PROVIDED MATERIAL:
★ ★ ★ ★

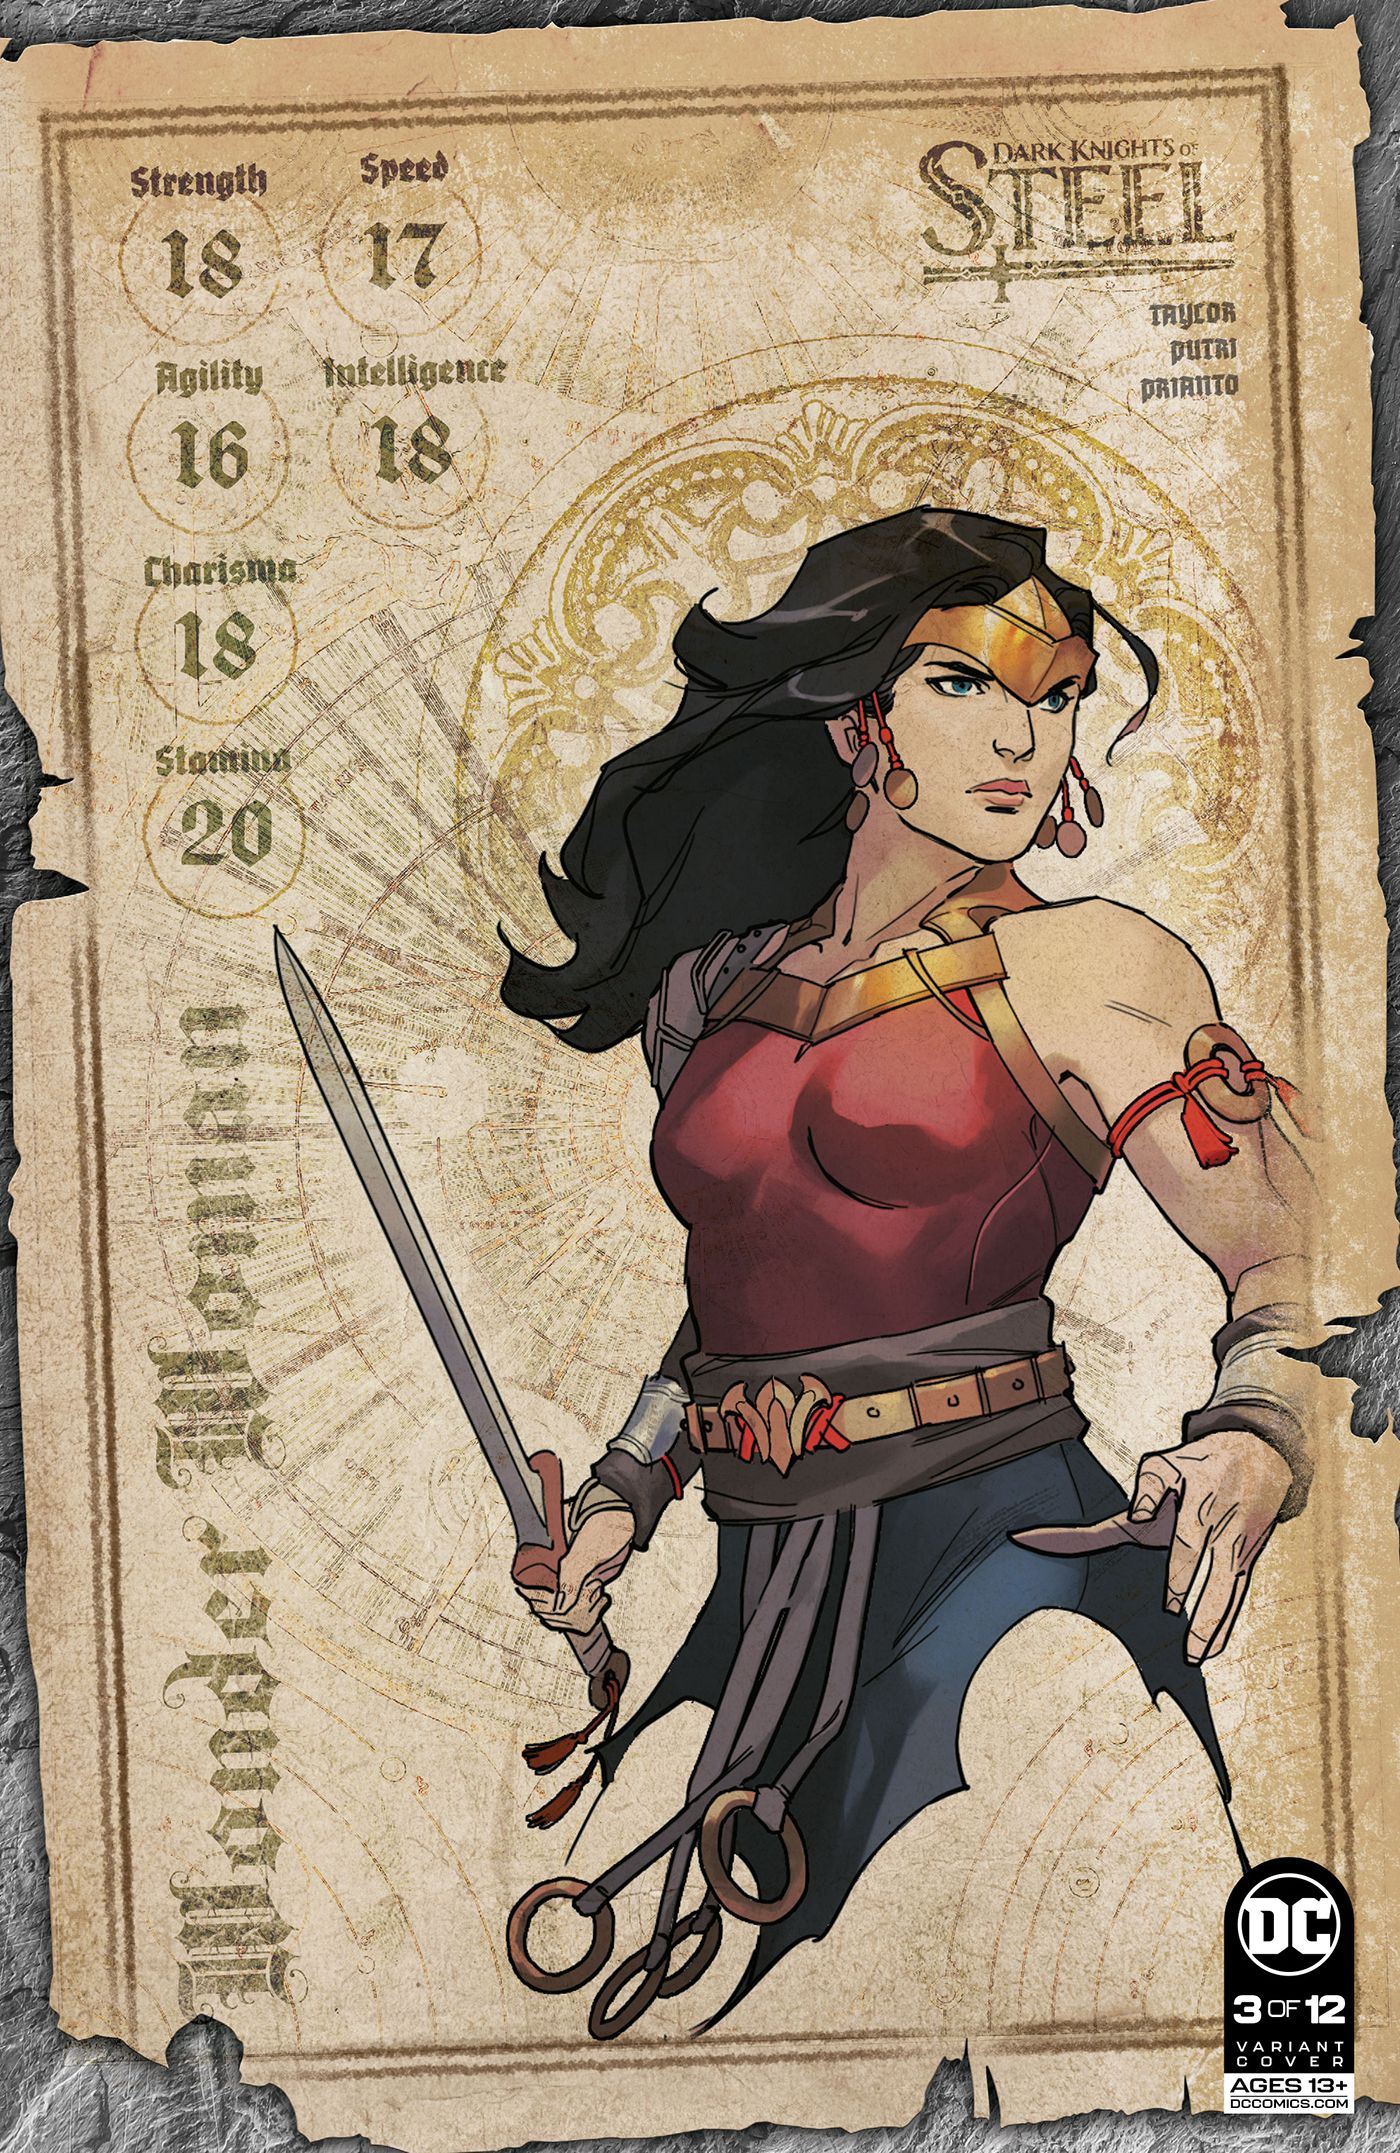 A variant cover for Dark Knights of Steel spotlights Wonder Woman.
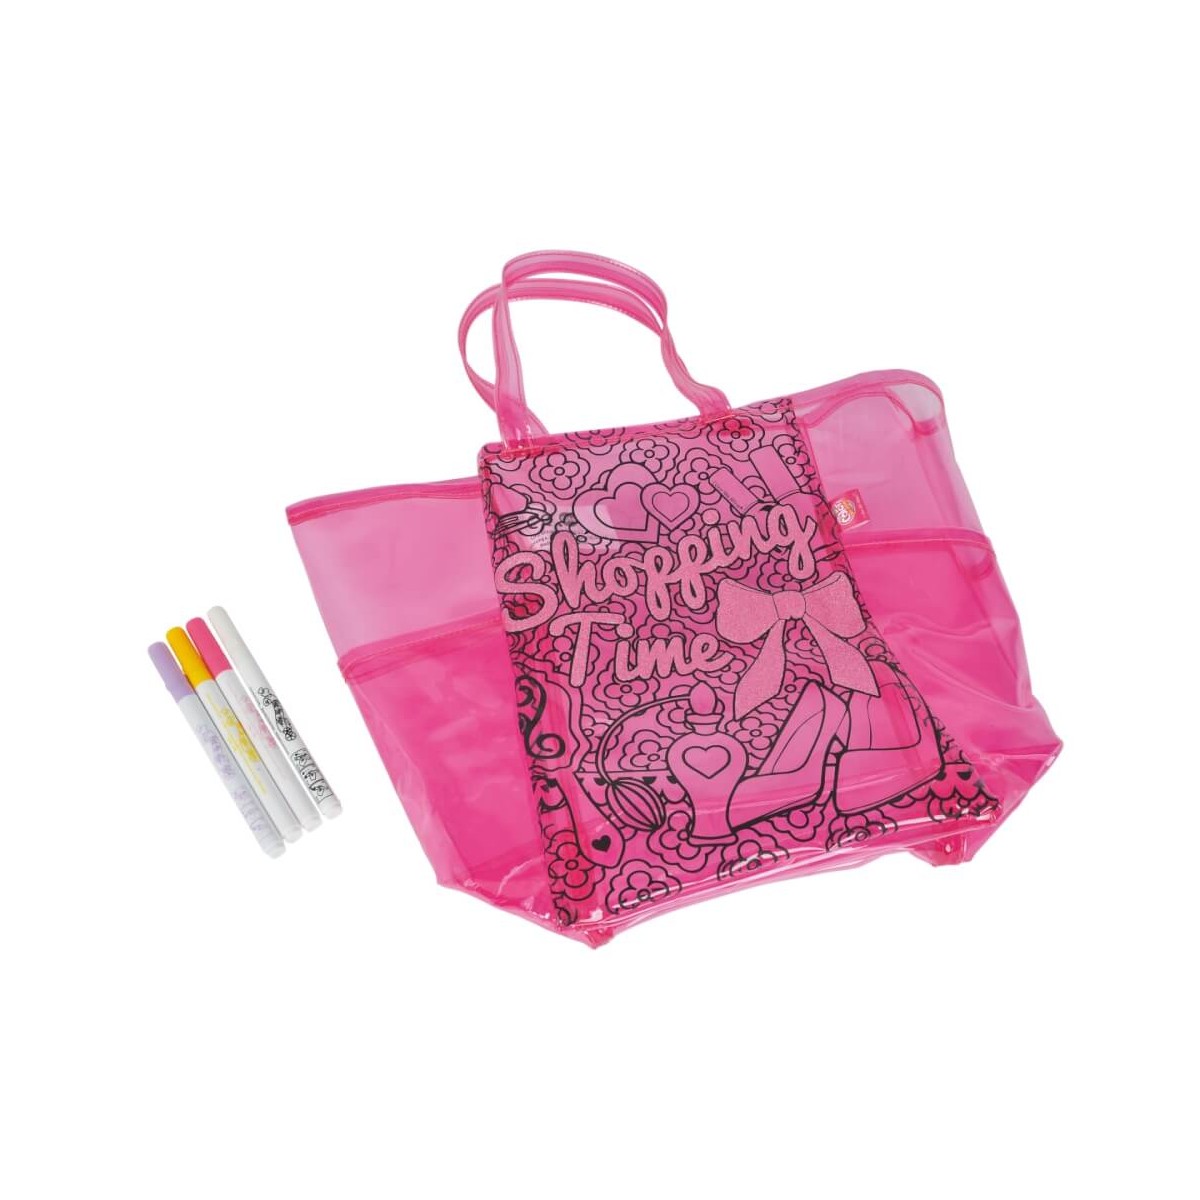 Simba - Color me Mine - Diamond Summer Party Fashionbag
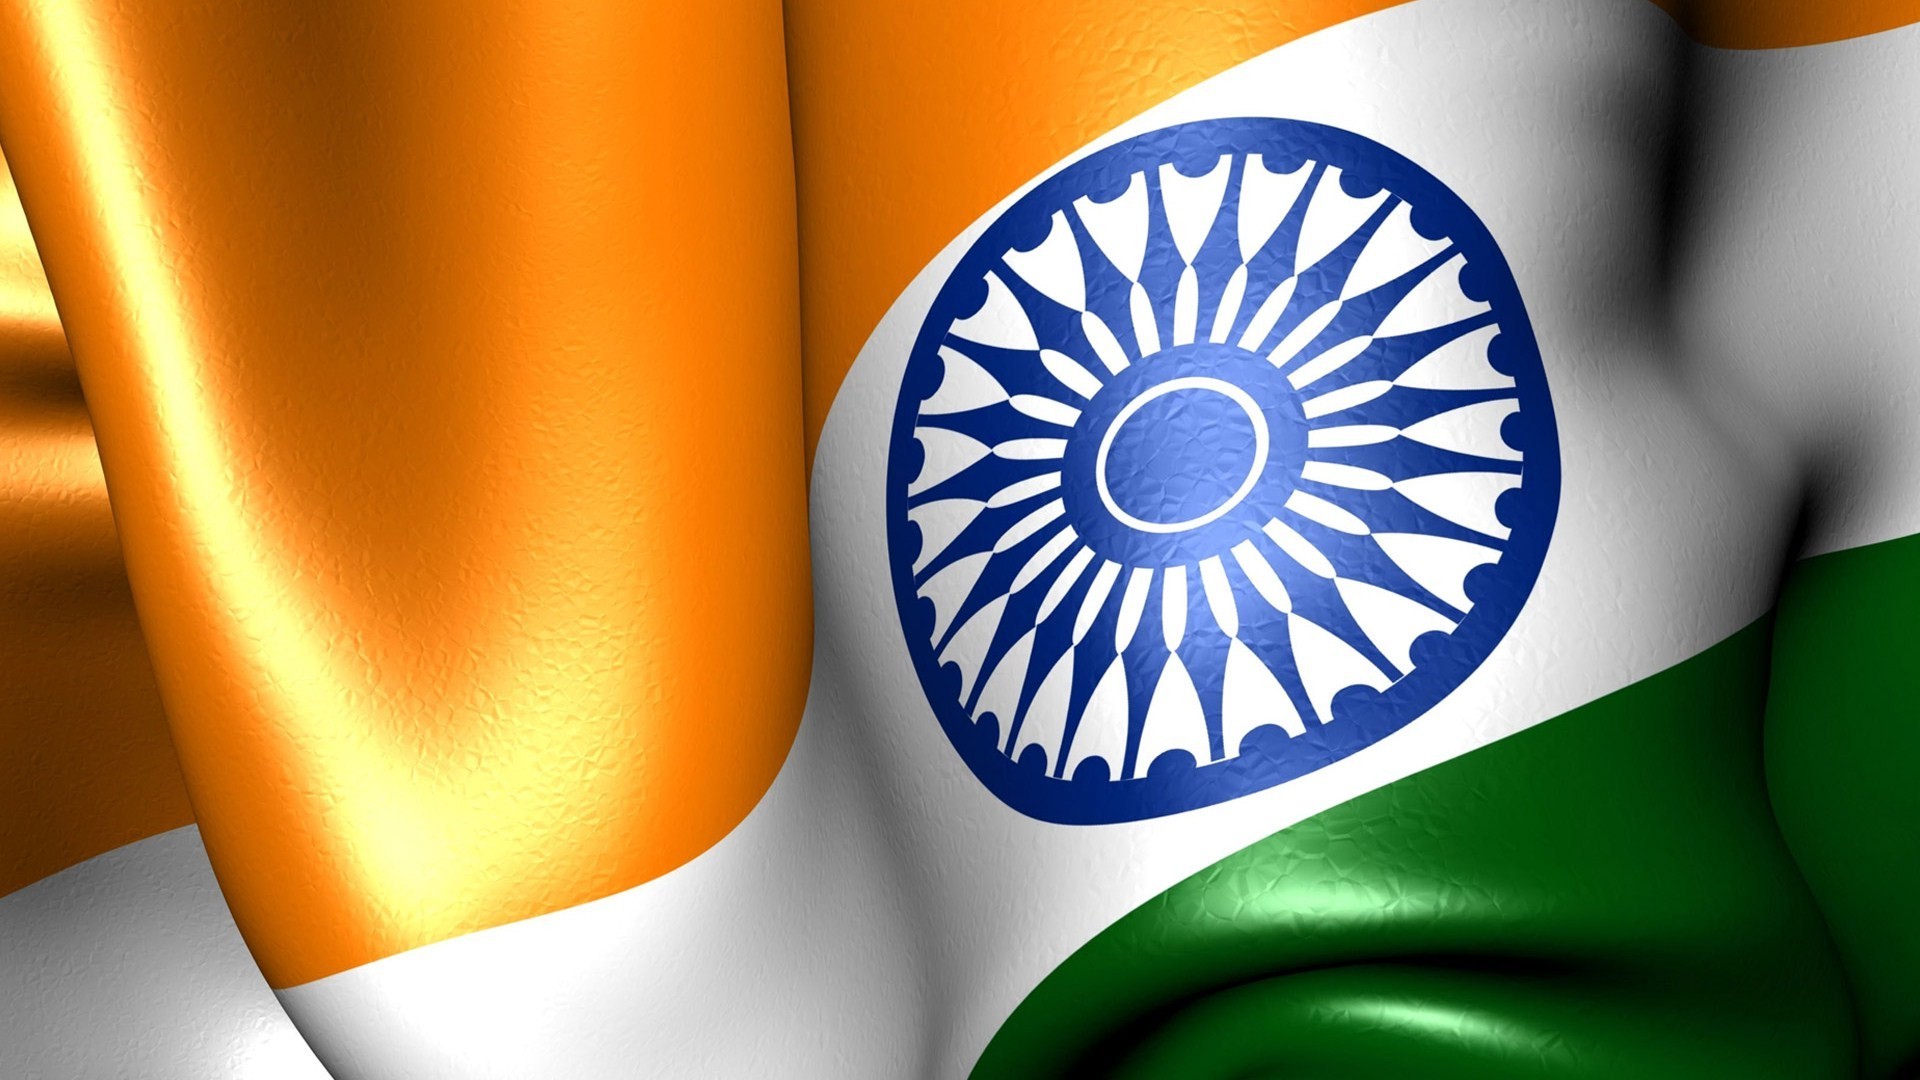 1920x1080 beautiful-indian-flag-hd-wallpaper.jpg (1920Ã1080) | India | Pinterest | Indian  flag pictures, Indian flag and Hd images

★ ★ ★ ★

EXERCISE REQUIREMENTS: The task calls for repeating each line above exactly while excluding the pictures.

COMPLETED EXERCISE:
 A variant cover for Dark Knights of Steel spotlights Wonder Woman.
 Simba - Color me Mine - Diamond Summer Party Fashionbag
 1920x1080 beautiful-indian-flag-hd-wallpaper.jpg (1920Ã1080) | India | Pinterest | Indian  flag pictures, Indian flag and Hd images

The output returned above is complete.